Authors Liang Z , Liao W , Chen Q, Li H , Ye M, Zou J, Deng G , Zhang P 

Received 13 December 2022

Accepted for publication 6 March 2023

Published 23 March 2023 Volume 2023:16 Pages 1669—1676

DOI https://doi.org/10.2147/IDR.S401281

Checked for plagiarism Yes

Review by Single anonymous peer review

Peer reviewer comments 2

Editor who approved publication: Professor Suresh Antony



Zhilin Liang,1,* Weiming Liao,2,* Qifu Chen,3 Hui Li,1 Meiling Ye,1 Jin Zou,4 Guofang Deng,1 Peize Zhang1

1Department of Pulmonary Medicine & Tuberculosis, The Third People’s Hospital of Shenzhen, National Clinical Research Center for Infectious Disease, Southern University of Science and Technology, Shenzhen, People’s Republic of China; 2Department of Thoracic Oncology, Jiangxi Provincial Cancer Hospital, Nanchang, People’s Republic of China; 3Department of Neurosurgery, The Third People’s Hospital of Shenzhen, National Clinical Research Center for Infectious Disease, Southern University of Science and Technology, Shenzhen, People’s Republic of China; 4Department of Clinical Laboratory, The Third People’s Hospital of Shenzhen, National Clinical Research Center for Infectious Disease, Southern University of Science and Technology, Shenzhen, People’s Republic of China

*These authors contributed equally to this work

Correspondence: Peize Zhang; Guofang Deng, Tel +8613509650204 ; +8613530027001, Email [email protected]; [email protected]

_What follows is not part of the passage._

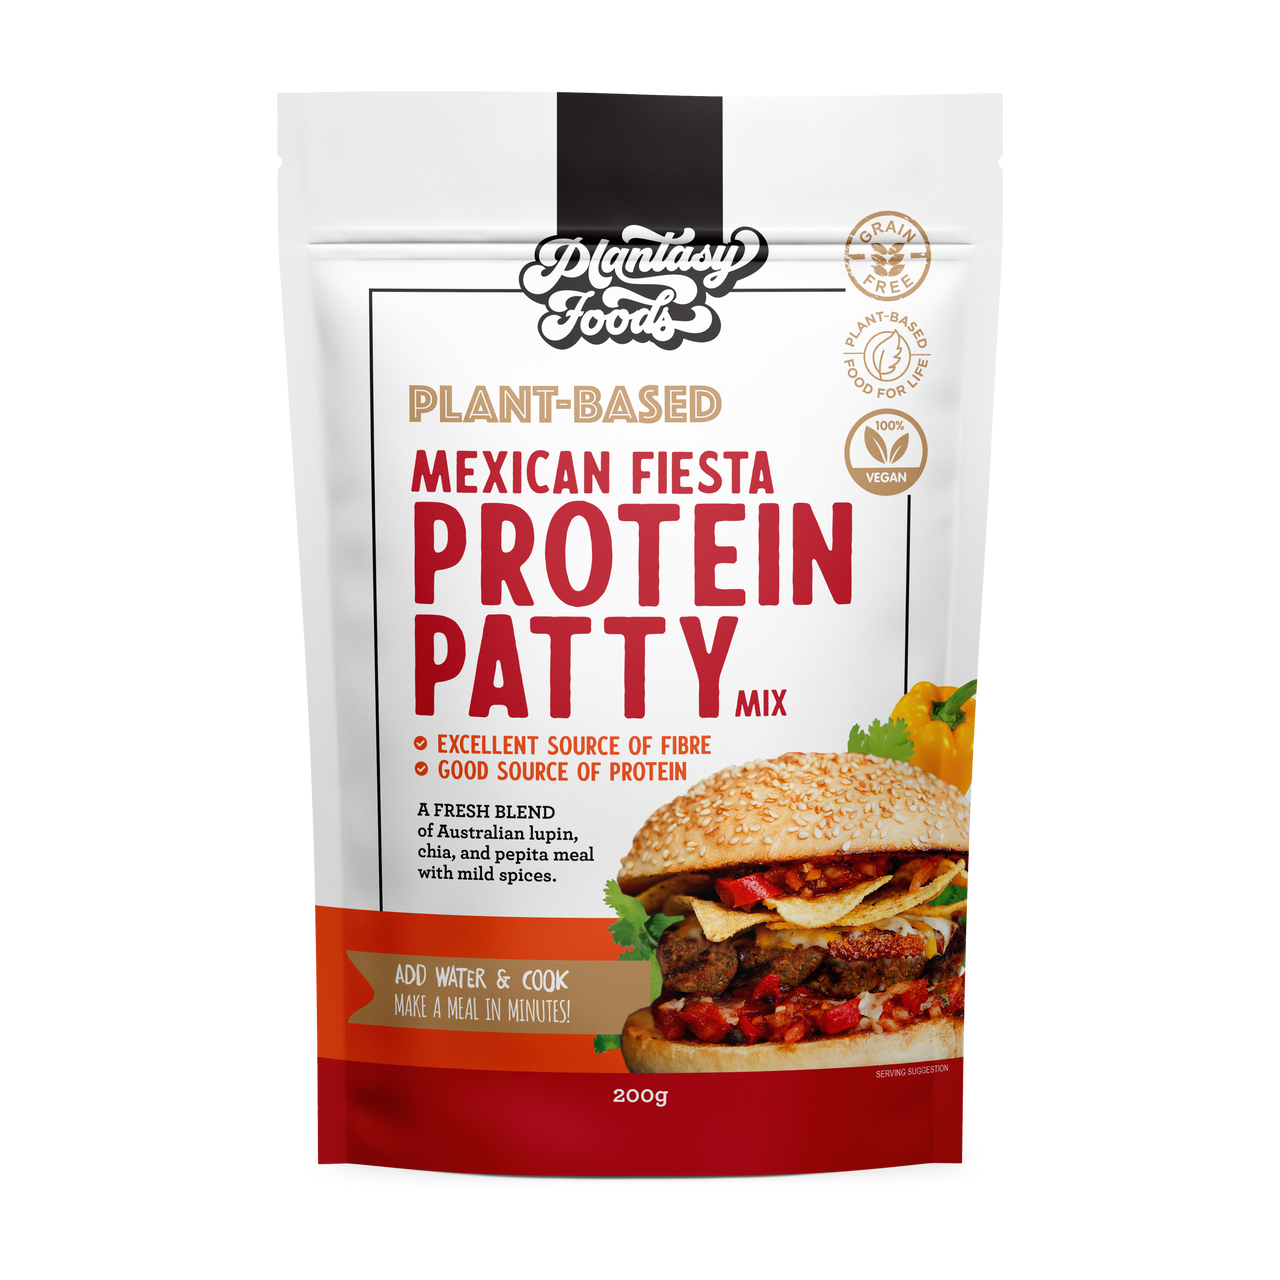 Plantasy Foods Vegan Protein Patty Mix - Mexican Fiesta

Abstract: Drug-resistant tuberculous meningitis (TBM) is the most devastating and critical form of extrapulmonary tuberculosis. Here, we present a case of a 45-year-old male with pre-extensive drug-resistant tuberculosis meningitis (pre-XDR-TBM). He underwent emergency surgery for the long-tunneled external ventricular drainage (LTEVD). Molecular test and phenotypic drug sensitivity test (DST) of Mycobacterium tuberculosis in cerebrospinal fluid (CSF) showed that the isolate was resistant to both rifampin and fluoroquinolones. An anti-tuberculous regimen of isoniazid, pyrazinamide, cycloserine, moxifloxacin, clofazimine, and linezolid was tailored accordingly. We monitored the drug concentration in his plasma and CSF before (at 0-hour) and after anti-TB drugs administration (at 1-hour, 2-hour, 6-hour, and 12-hour) on 10th day after treatment initiation. We hope to provide reference values of drug exposures in plasma and CSF for patients with pre-XDR-TBM.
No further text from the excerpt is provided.